Tangier Gazette
December 12, 2003
Abderrahim Zniber may be regarded as the father figure of Moroccan cricket and, as such, an important character in the history of the country as a whole. He captained Morocco in their first international cricket match in 2001 in an ODI against Japan, mere months after Morocco were admitted into the World Cricket Conference. And since then, he has been at the forefront of every significant event in Moroccan history, until his retirement from the sport altogether last night. Considered by many as the country's first professional cricketer, Zniber was playing top-rung cricket against European clubs way before the World Cricket Conference even existed. Zniber first broke ground in the country of his birth, playing for Ajax Amsterdam in the 1989 Hoofdklasse season as Abder Rahim. After the season he added the family name Zniber, moved to England and went to Oxford to read PPE and enhance his reputation as an idiosyncratic and fearless cricketer: a right-handed batsman, whose response to any bowler or situation was to dance down the track first ball and slam it back over the bowler's head, and a right-arm medium-paced bowler, economical on a good pitch, devastatingly effective on a bad one. Zniber had a couple of productive seasons with Ajax Amsterdam, where his successes included marrying the club chairman's daughter, then returned to Morocco to take on the captaincy of Casablanca CC, which would later go on to become Raja Casablanca, one of the world's top clubs.
He had learned well under Dutch legends Edgar Kreek and Ronny van den Brom and as such, led Casablanca CC to make them the best cricket club in Morocco, well before the formation of the World Cricket Conference, and even well after it came into being. Once the World Cricket Conference formed, and a couple of years later, Morocco were admitted as a full-member nation, Zniber had reached 30, and with a prolonged history of untreated injuries, he was merely a shell of his former self. Despite his personal woes and the lateness of circumstances opening gateways to cricket's globalization, Zniber took Casablanca CC, now called Raja Casablanca, to even greater heights. Raja Casablanca won back-to-back seasons of the Moroccan Cup in 1999 and 2000, and in both seasons Zniber top-scored as the best batsman of the tournament. As an instrumental figure in Casablanca's early success, Zniber was handed the reigns of the national side once they become a full-member nation of the Conference, and so on debut, Zniber at once made Morocco worthy of respect rather than anyone's sympathy. In 49 internationals as captain, Zniber has led his team to victory over 24 countries. Despite the emergence of a batting wunderkind of sorts in Hervé Hocquard, a version of Zniber merely resembling that springly youngster who first broke onto the season was able to hold his own and be Morocco's stonewall through thick and thin, in fact mostly thin. Having played ten games more than Hervé Hocquard, Zniber retires as the second-most prolific Moroccan batsmen in one-day history, as well as their third-highest scorer in their debut Cricket World Cup.
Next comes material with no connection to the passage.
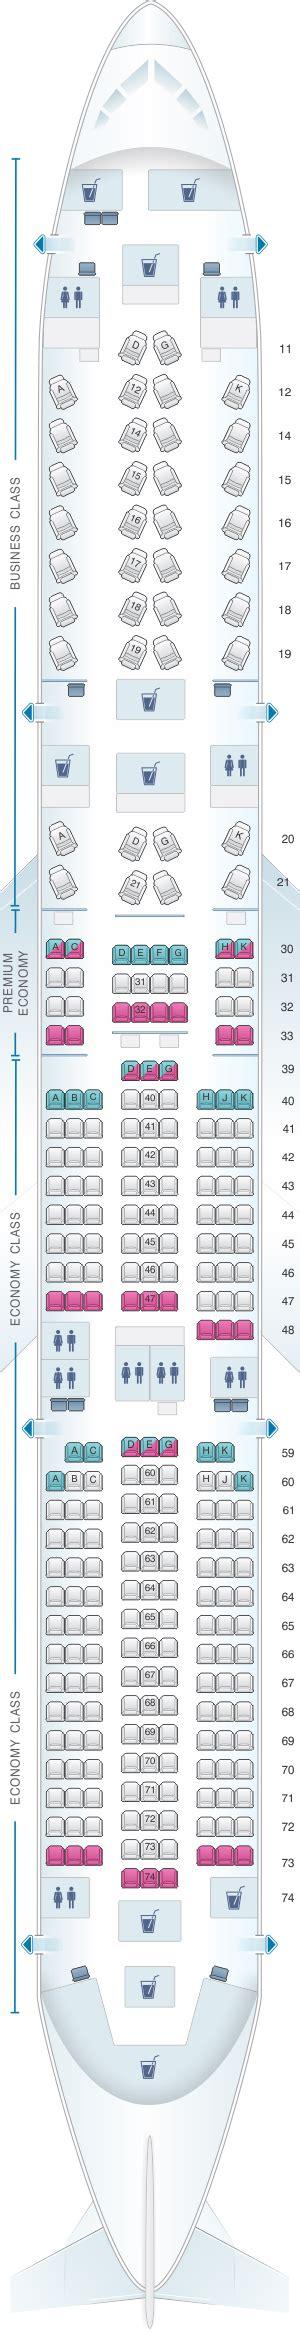 cathay pacific seat map seat map cathay pacific airways airbus a350 900 35g

In 2002, Zniber returned to England to play in their newly-minted Friends Provident Trophy, where he represented West Midlands. Zniber led Morocco in every major event that has been held since Morocco's admission into the WCC, and the African confederation of AFCON, until his retirement. Zniber even captained Casablanca in two iterations of the Club World Cup, including the inaugural season where they finished as runners-up. In all his positions of authority, he was inclined to be dictatorial and quickly angered, especially by any hint of criticism. In some ways, his prickly brilliance has become characteristic of his country's cricket. But he was also a visionary. He ruthlessly modernised the organisation of the Moroccan game, and many of the themes he was advocating in the early 1990s have become common currency among modern administrators: the need to do away with unwieldy committees, to break the post-imperial dominance of Lord's, and to expand the game in Africa. He was an early advocate of neutral umpires. Little of this was well received by his colleagues in Amsterdam at the time. Upon his retirement, incumbent WCC President Müller Schwanstegger has stated: After Zniber's retirement, Moroccan cricket has lost an integral part of its being, which will need a very long time to find the replacement of.